*DATASET CONTENT:*
= Beginning of Section =

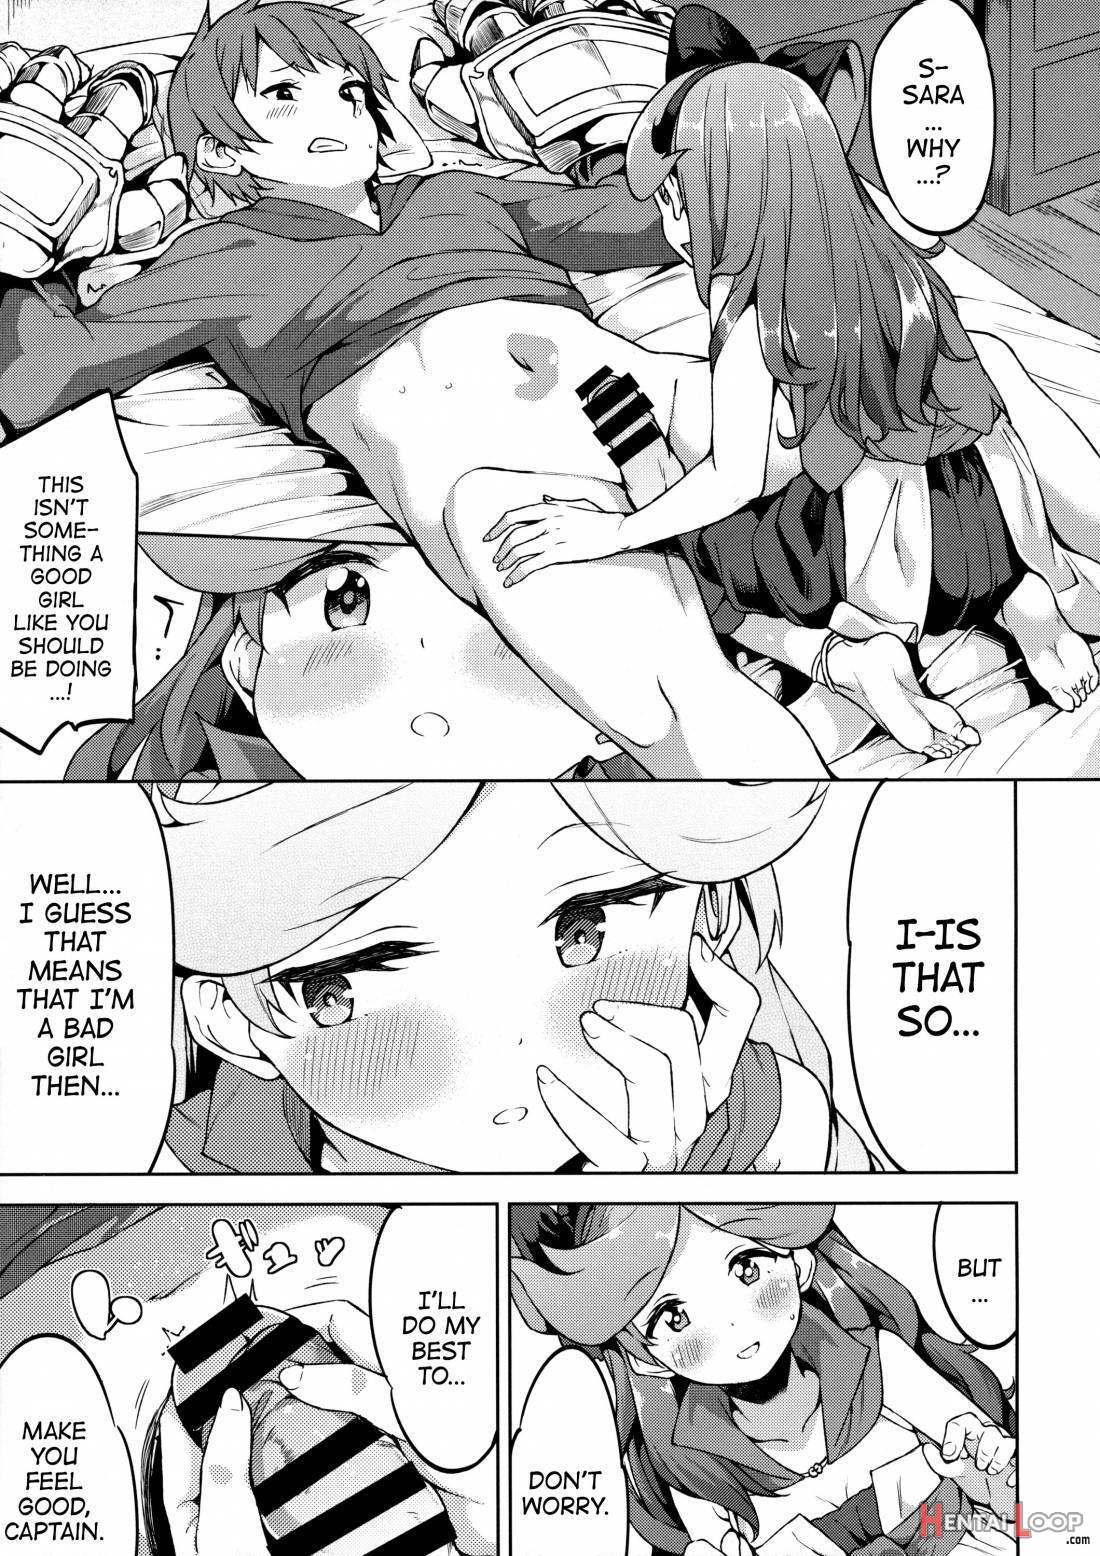 Naughty Sara-chan page 5
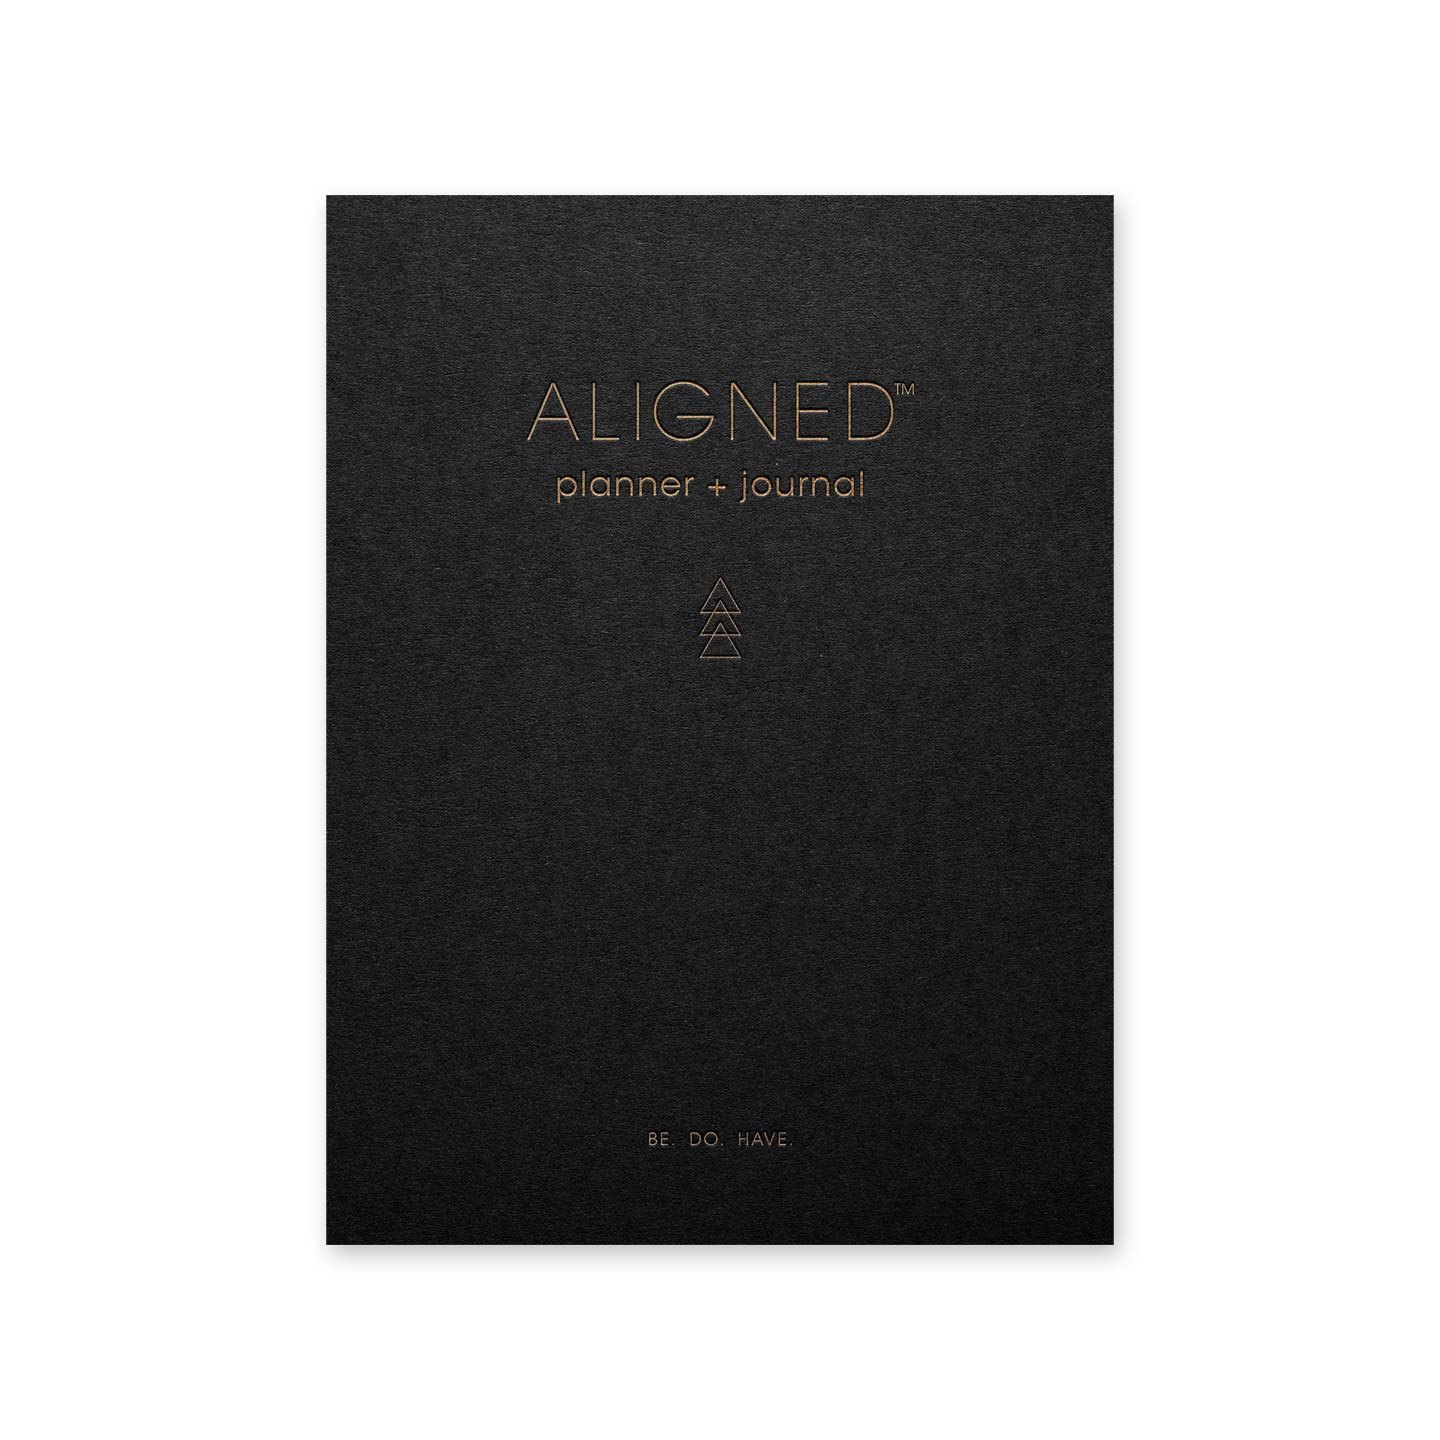 Digital (PDF) Aligned Planner+Journal
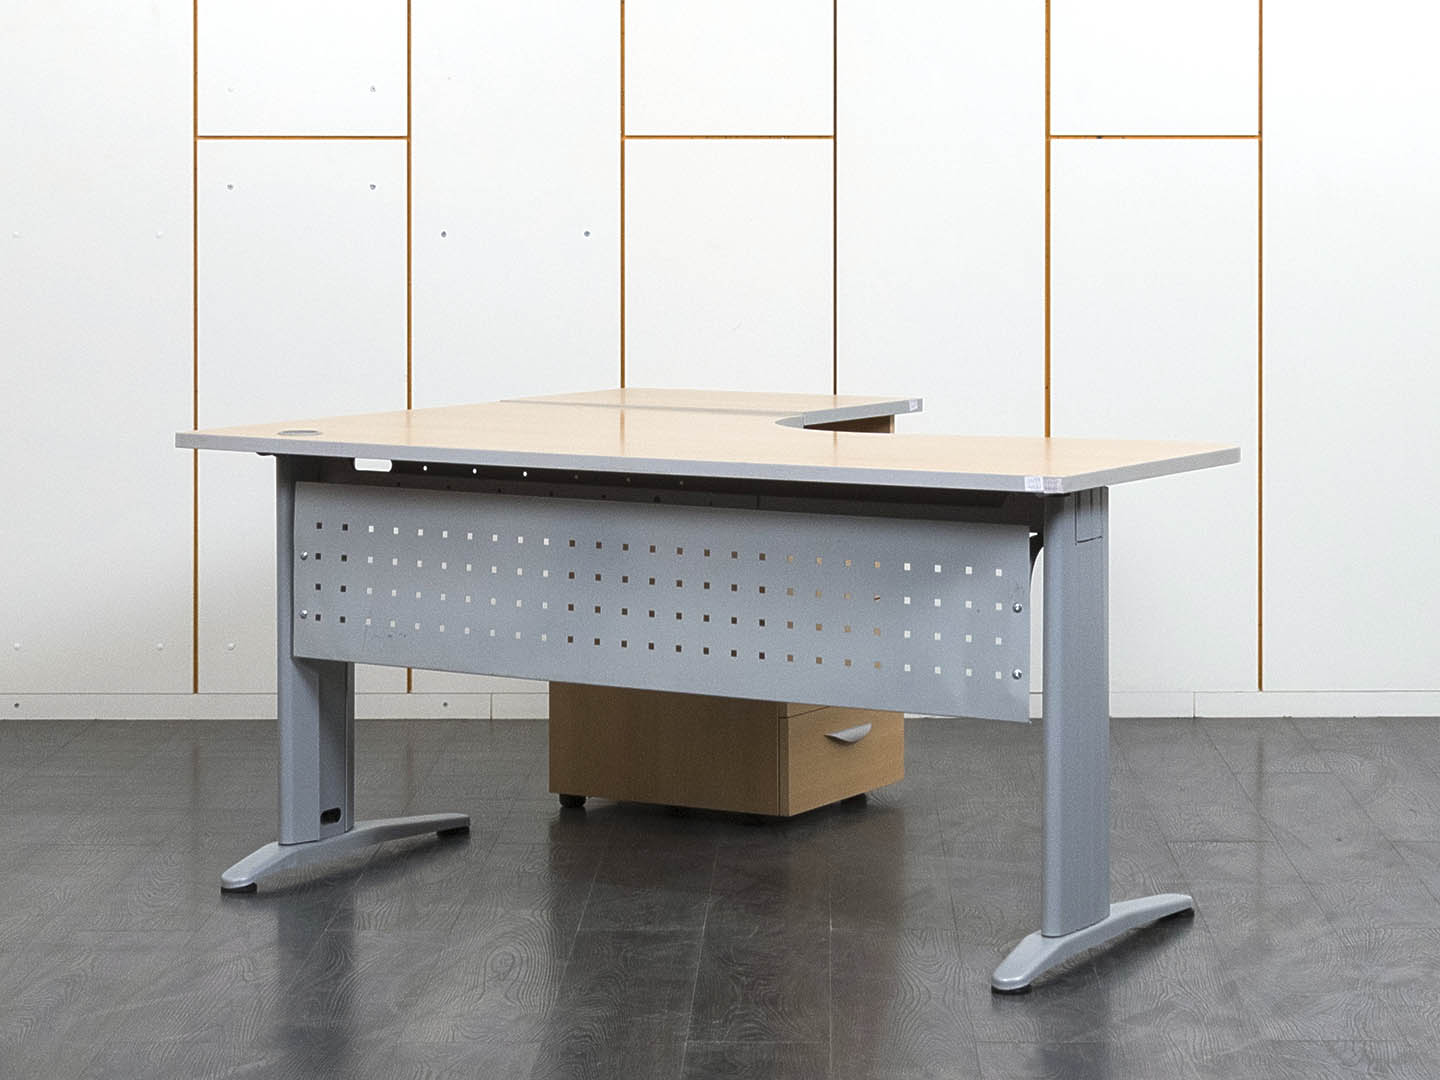 Комплект офисной мебели стол с тумбой  1 600х900х740 ЛДСП Ольха   (СПУЛКП-06041)

= End of Section =

*PROBLEM DETAILS:*
Quote the material in full and exactly; do not carry over its pictures.

*EXERCISE SOLUTION:*
 Naughty Sara-chan page 5
 Digital (PDF) Aligned Planner+Journal
 Комплект офисной мебели стол с тумбой  1 600х900х740 ЛДСП Ольха   (СПУЛКП-06041)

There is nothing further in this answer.